Cross-frequency transfer entropy characterize coupling of interacting nonlinear oscillators in complex systems

The purpose of this study is to introduce a method in quantifying cross-frequency information transfer to characterize directional couplers between irregular oscillations in complex systems. Importantly, the method should be able to reflect the intrinsic mechanism of interacting oscillations faithfully. Six types of interacting oscillators, including phase-amplitude, amplitude-amplitude, and component-amplitude cross-frequency transfer entropy as well as their inverse transfer entropies, are within our scope in untangling the brain connectivity. Challenges with nonlinear and nonstationary patterns are designed to validate the robustness of the proposed method.

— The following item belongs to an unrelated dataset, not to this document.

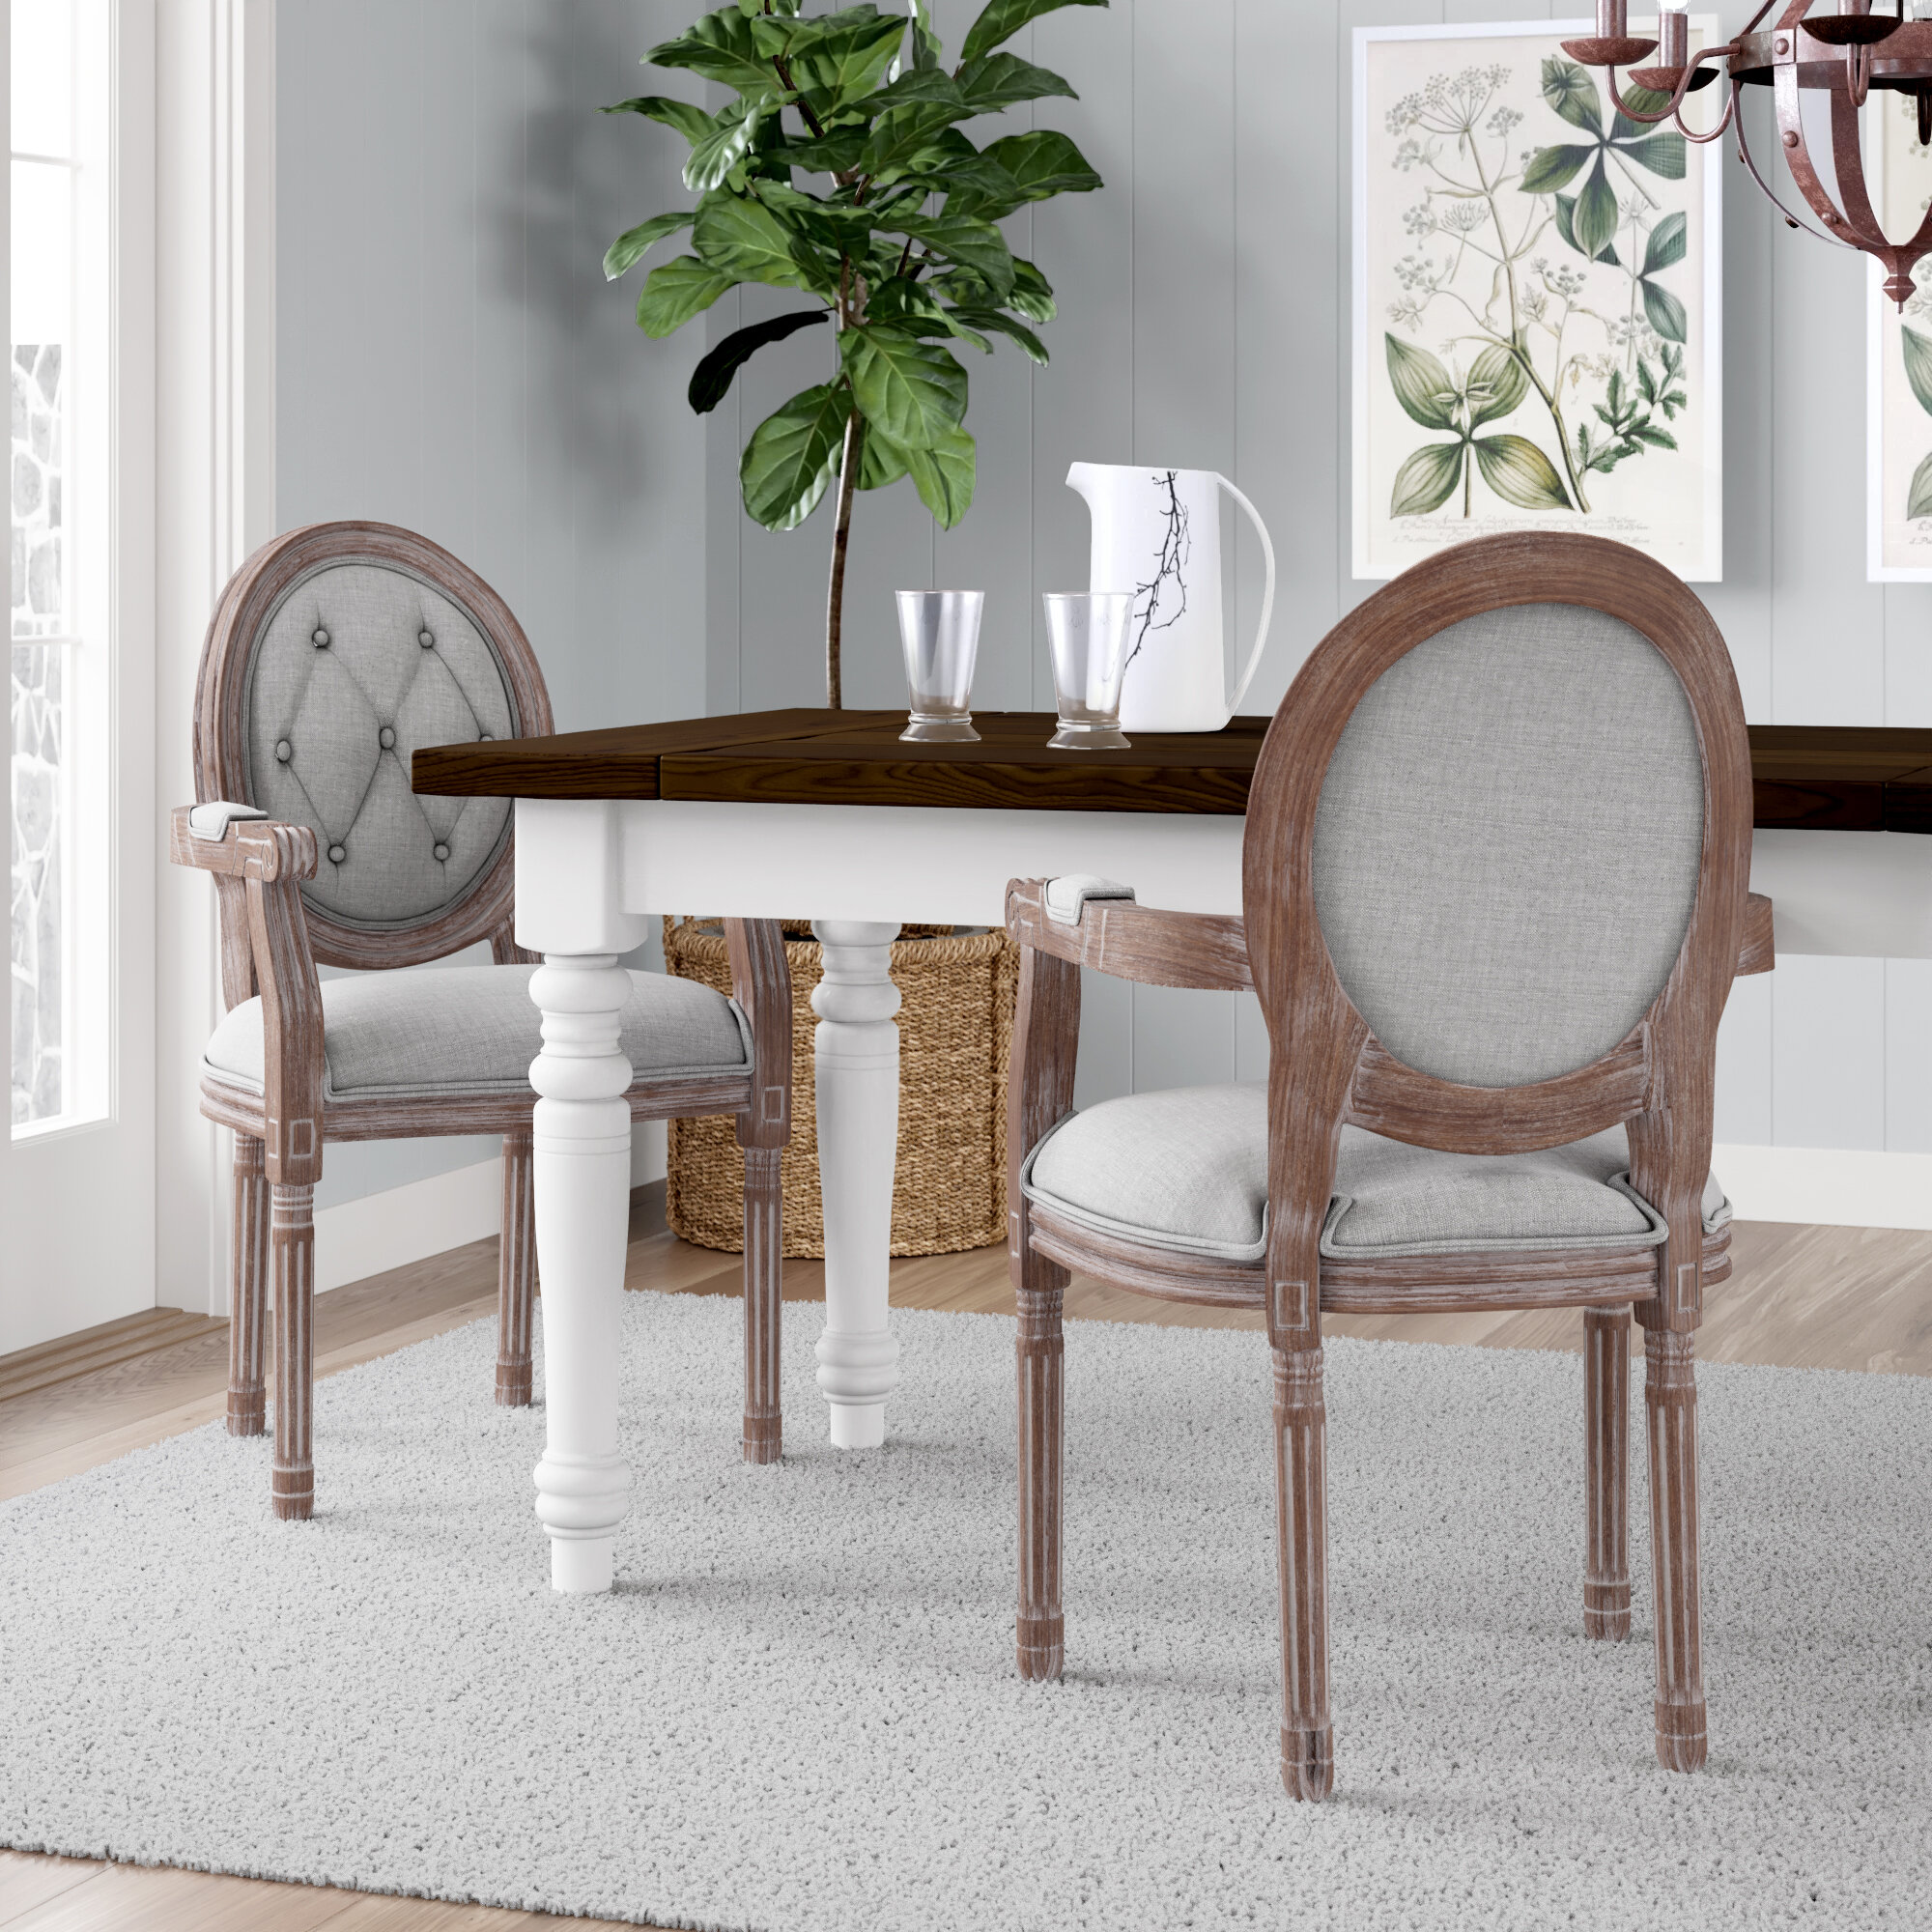 Antique Upholstered Dining Room Chairs - Dining room ideas
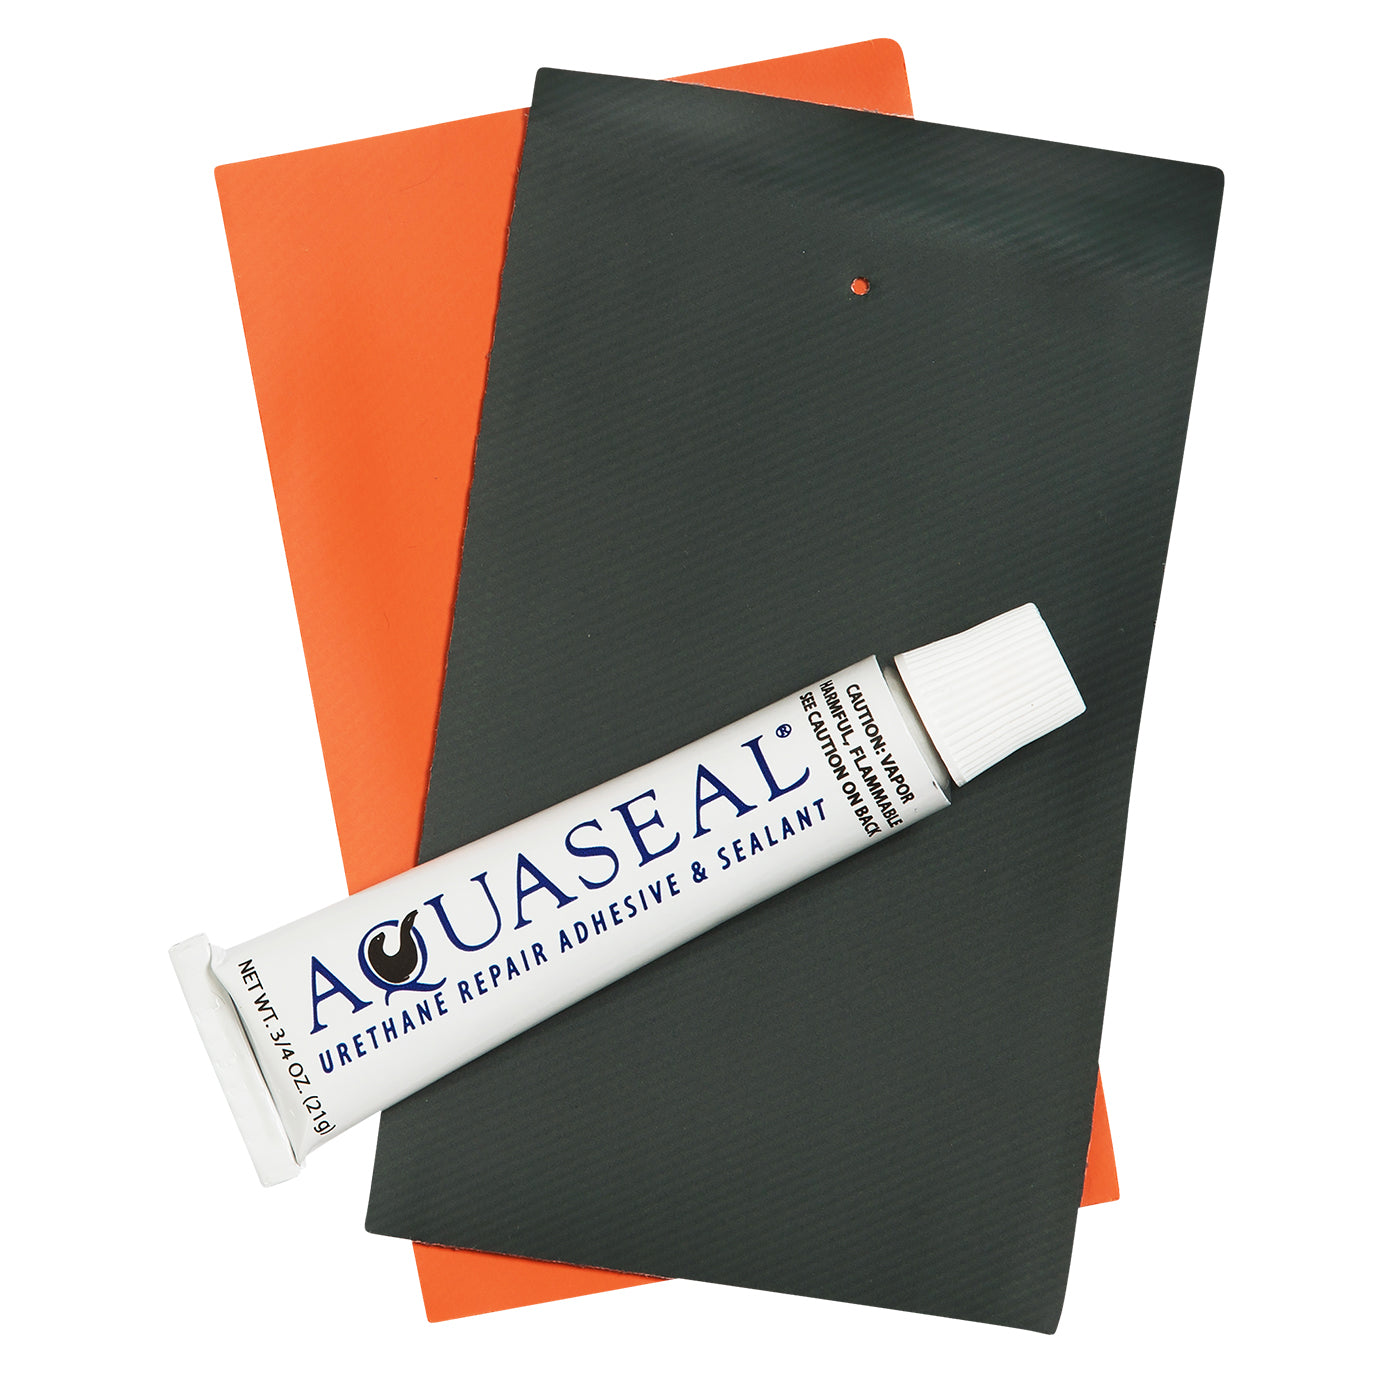 Patch Seal Adhesive Sheets

We suggest this approach could be effective in identifying driving and responding elements of interacting oscillators across different time scales. Meanwhile, an atlas of interacting oscillators in sleep is constructed. High-frequency amplitude can inversely drive low-frequency phase stronger than the standard phase-amplitude coupling, and the low-frequency amplitude can be the driving force to the high-frequency amplitude in addition to the low-frequency phase. Unlike the standard phase-amplitude coupling, the proposed cross-frequency transfer entropy is applicable to quantify the interactions across phases, amplitudes, or even the components without methodological adjustments. Meanwhile, the exploration of causal relationship enables the identification of the driving force of information flow.